Propofol, marketed as Diprivan, among other names, is a short-acting medication that results in a decreased level of consciousness and a lack of memory for events.[4] Its uses include the starting and maintenance of general anesthesia, sedation for mechanically ventilated adults, and procedural sedation.[4] It is also used for status epilepticus if other medications have not worked.[4] It is given by injection into a vein, and the maximum effect takes about two minutes to occur and typically lasts five to ten minutes.[4] Propofol is also used for medical assistance in dying in Canada.[5]

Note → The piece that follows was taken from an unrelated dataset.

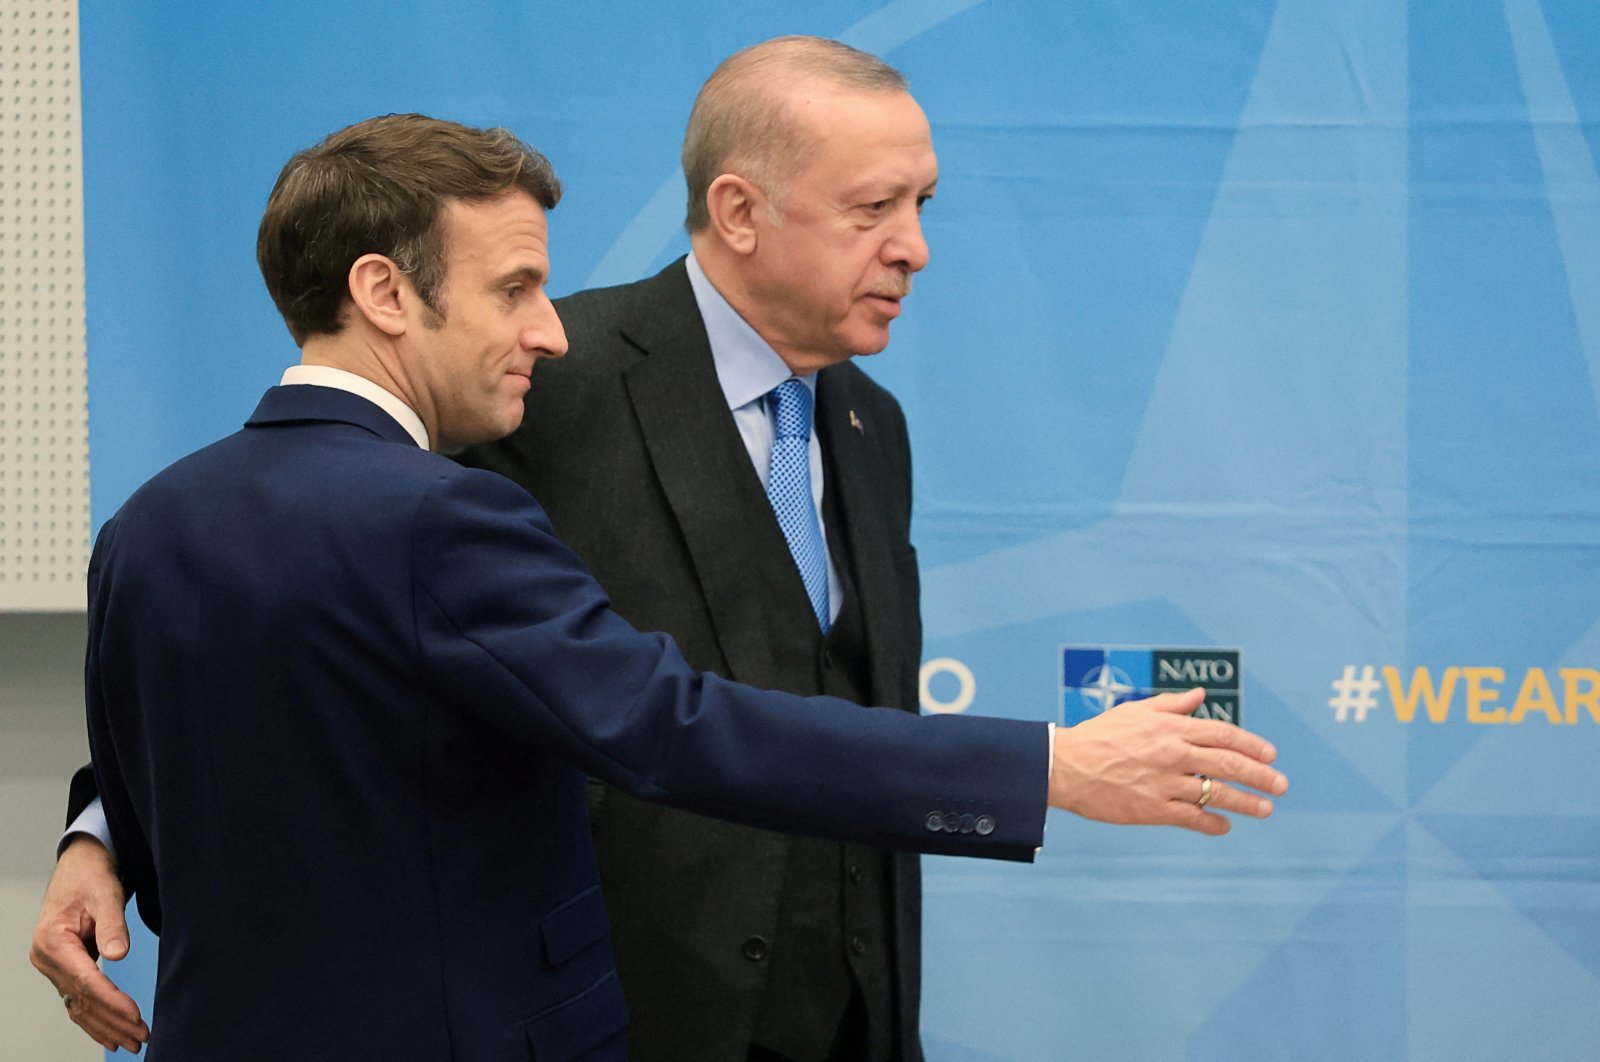 French President Emmanuel Macron (L) and President Recep Tayyip Erdoğan attend a bilateral meeting ahead of a NATO summit to discuss Russia&#039;s invasion of Ukraine, at the alliance&#039;s headquarters in Brussels, Belgium, March 24, 2022. (Reuters Photo)

Common side effects of propofol include an irregular heart ratelow blood pressure, a burning sensation at the site of injection and the cessation of breathing.[4] Other serious side effects may include seizures, infections due to improper use, addiction, and propofol infusion syndrome with long-term use.[4] The medication appears to be safe for use during pregnancy but has not been well studied for use in this case.[4] It is not recommended for use during a cesarean section.[4] It is not a pain medication, so opioids such as morphine may also be used,[6] however whether or not they are always needed is not clear.[7] Propofol is believed to work at least partly via a receptor for GABA.[4]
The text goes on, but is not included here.